Love It or List It: An Analogy For The Long-Term Relationship
Welcome to Format Free Friday, when I break the format of answering your questions and I dispense that which we rarely welcome in life: Unsolicited Information.
So you’re in a long-term relationship. The early glow of your relationship has since faded to a reliable dull. Date nights are few and far between. Sex is even less common. You’re not exactly unhappy until you begin questioning whether or not you deserve more in life, and in that moment you can become unhappy enough to fuel the internal question that you do your best to avoid asking: Should I stay in this relationship or is it time to go?
It’s not dissimilar to HG’s show, Love It or List It, really. In it, “a homeowning couple or family has to decide between keeping their newly renovated current home (‘Love It’) or to buy a new home and sell their current one (‘List It’),” Wikipedia.
I love this show. My heart is always with the designer, Hilary (Love It), who has the insanely difficult job of gut renovating the disgruntled homeowners’ home – a home that was a good fit many years ago but which no longer meets their needs.

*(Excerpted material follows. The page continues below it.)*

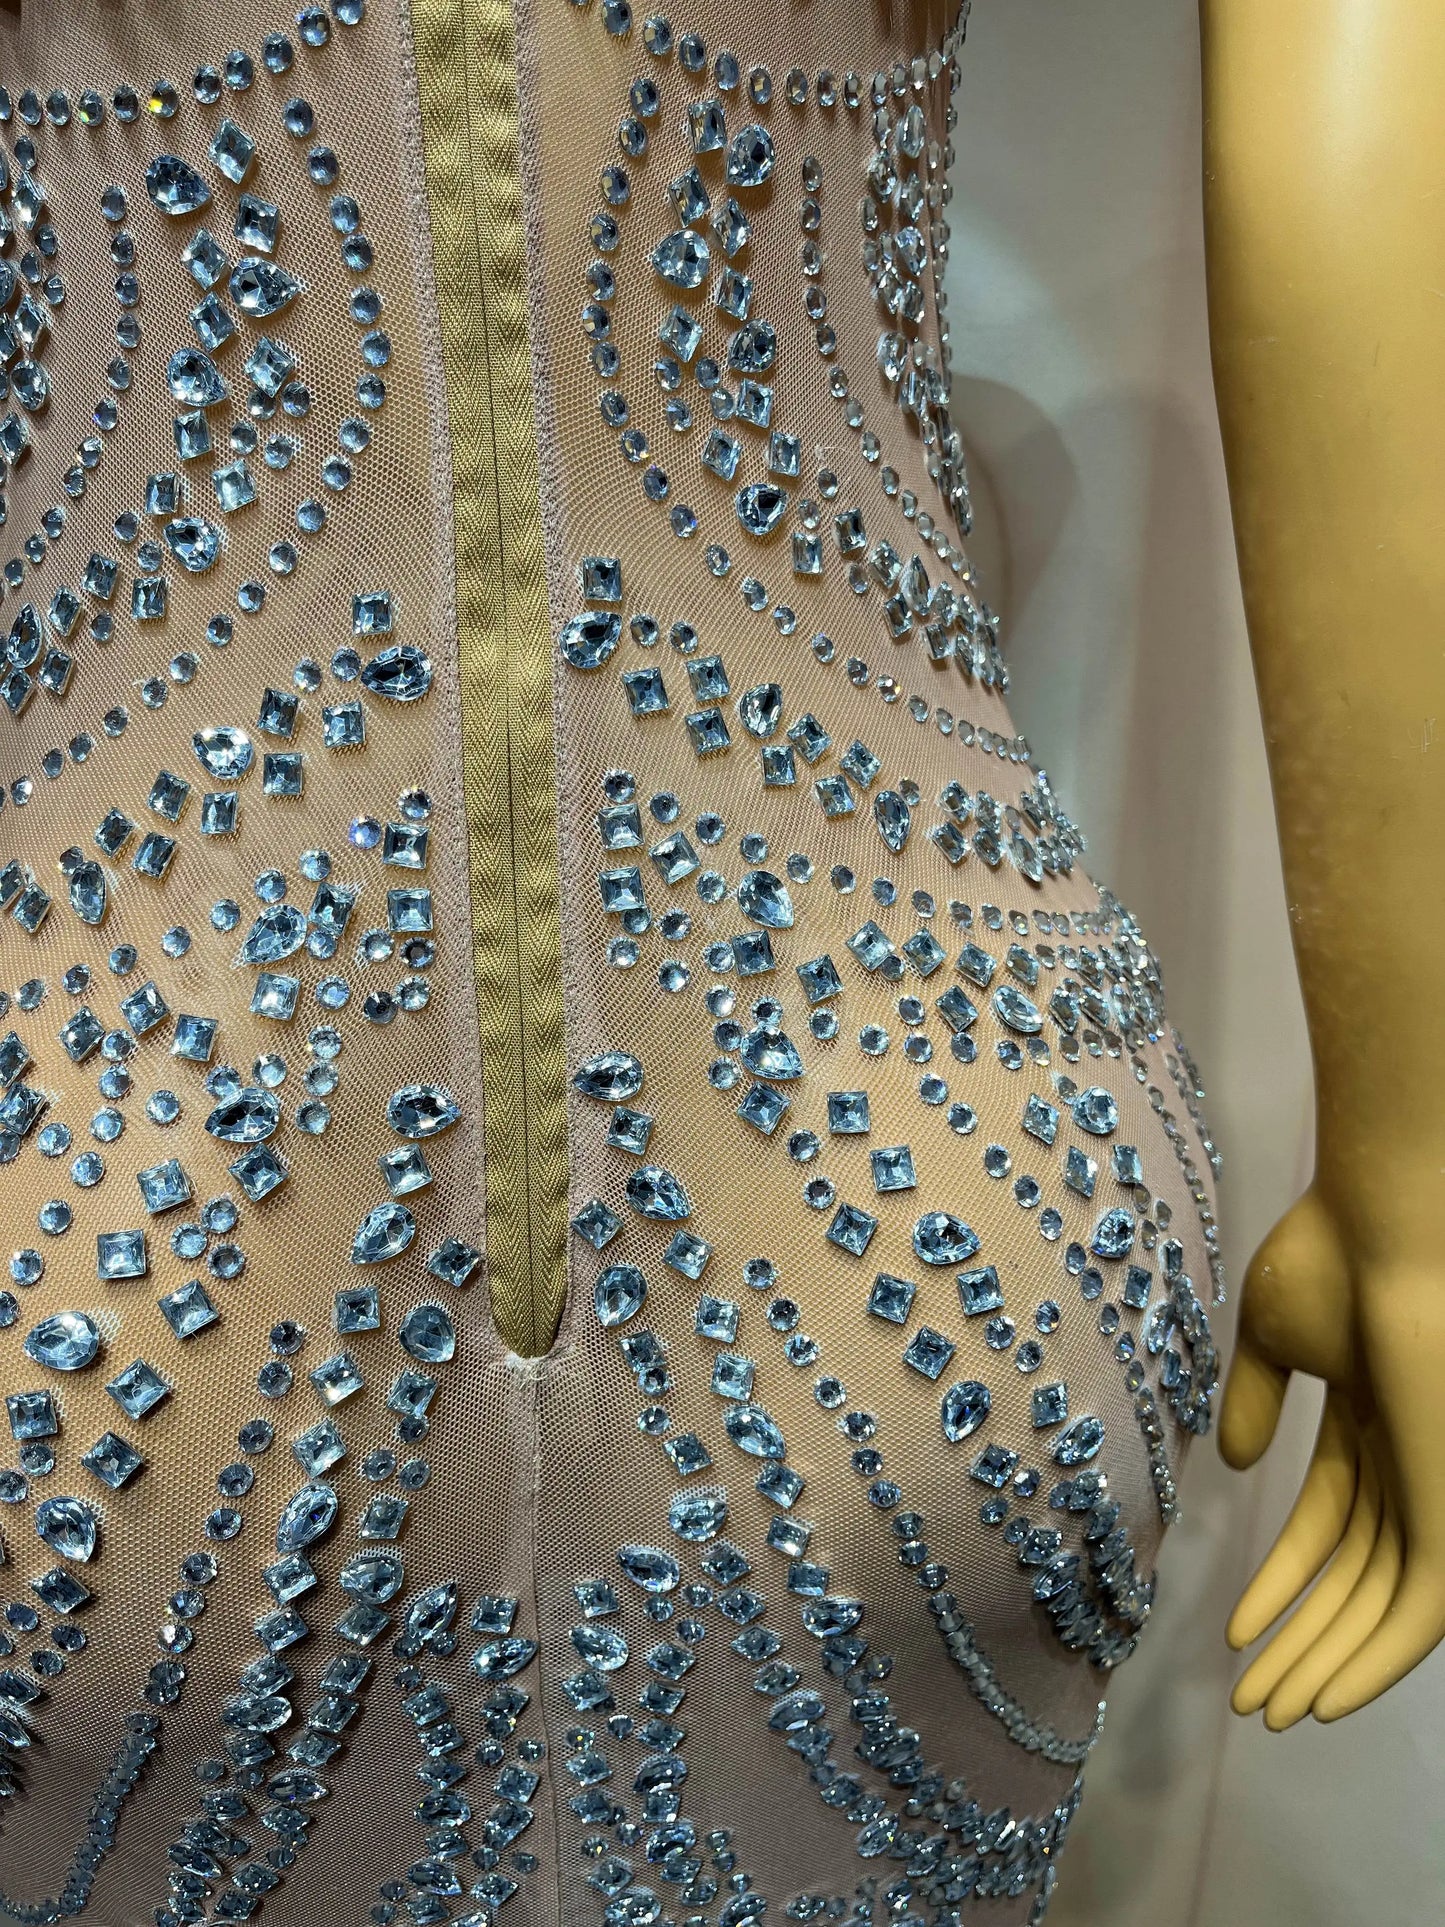 Glitz & Glamour Extravaganza: Bedazzled Crystal Fringe Stretch Dress

Realtor David (List It) has what I believe to be a far easier job – simply find the couple a new home. How easy is that?
It’s almost as easy as walking away from your long-term relationship, and just as tempting: A brand new object to love, no compromises to make, no new skills to learn… Or so you think.

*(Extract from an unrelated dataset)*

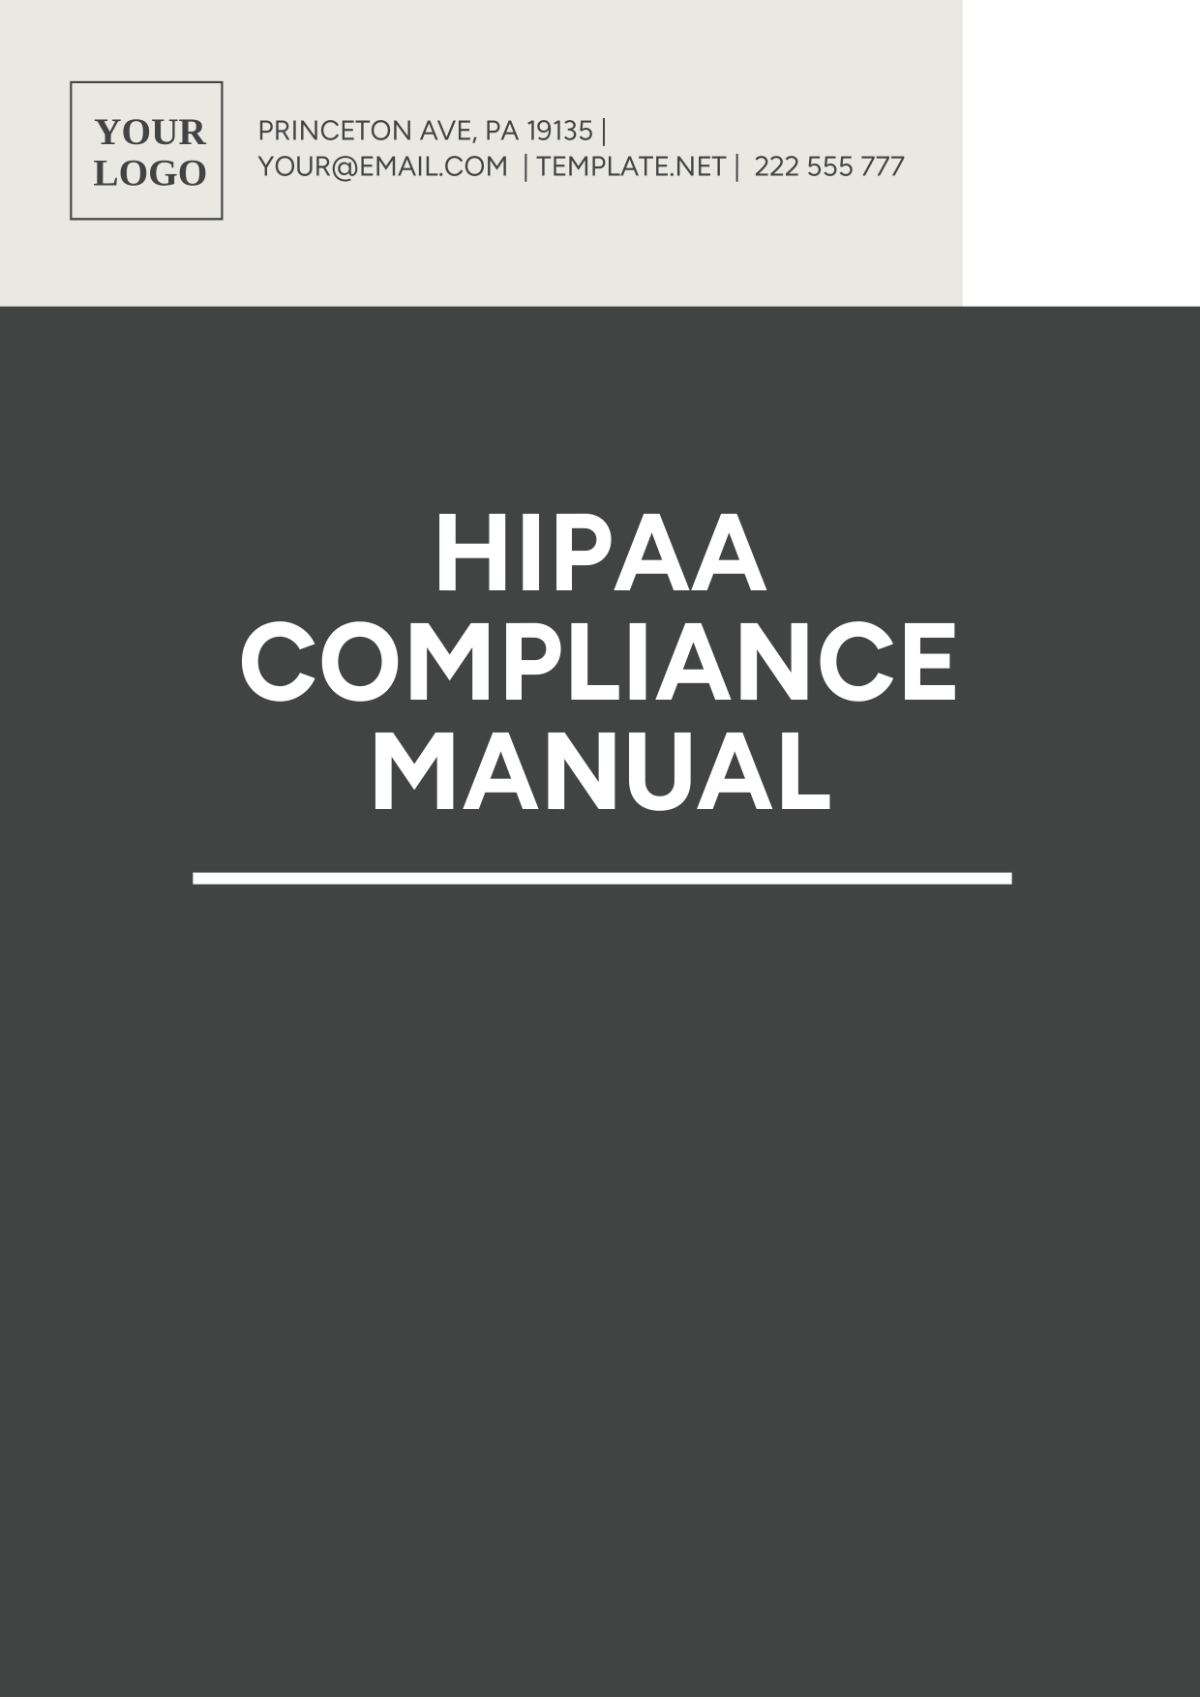 Hipaa Compliance Manual Template

Here’s what the viewer doesn’t see: When those families move to their new, shiny home, they have to take themselves. They think the issue was their small, cluttered, worn-out home and that moving is their panacea. You give that family 6 months and they’re going to be griping over the same old issues, because the real issues were never addressed and certainly never eradicated.

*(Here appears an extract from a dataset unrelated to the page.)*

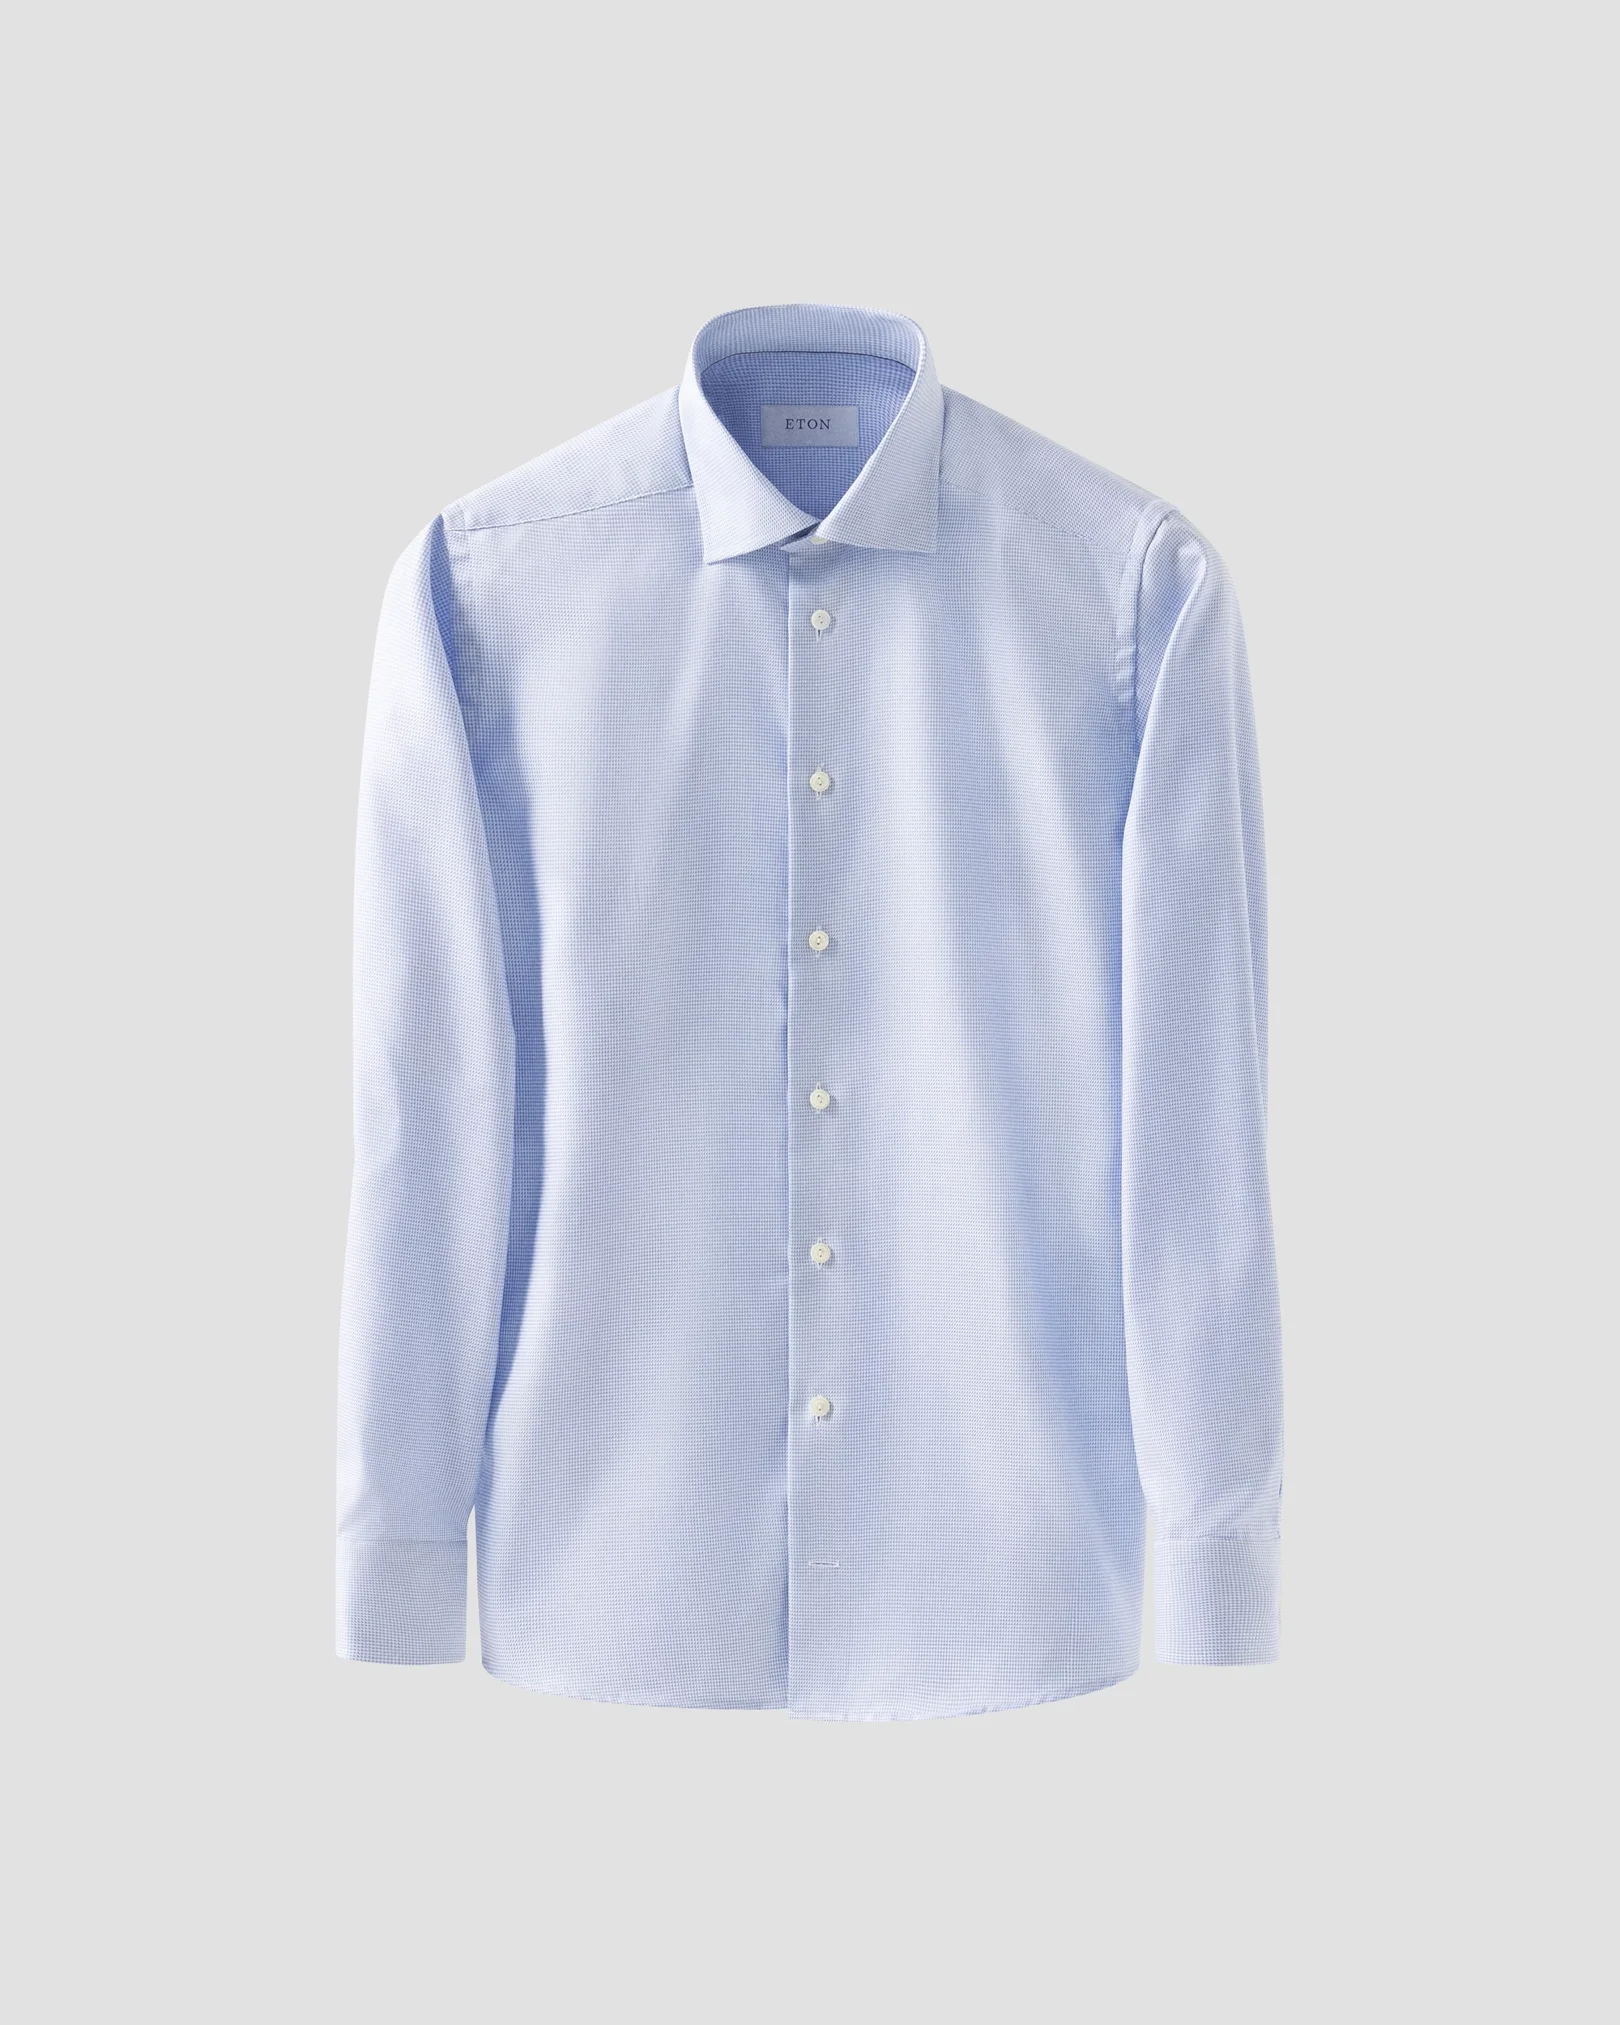 Eton - Light Blue Patterned Textured Twill Shirt

Long-term relationships require work. In much the same way that the interior of your home needs to be repainted every few years (lest you become the disgruntled homeowner), you need to keep yourself looking and behaving well. You need to focus less on your partner’s faults and more on developing yourself to be the best partner you can be. Because the answer is rarely that we picked the wrong home or partner. And of course, every now and then there truly is a poor fit because we’ve outgrown what we once loved. But rest assured, before you go shopping for a newer version, you’d better confirm you’ve learned some new skills and taken your own inventory. Because if you move into a new home and fail to employ a new organizational system to keep your space clutter-free, you’ll have the same issues pop up in no time at all. And what will you do then? Blame it on another bad choice?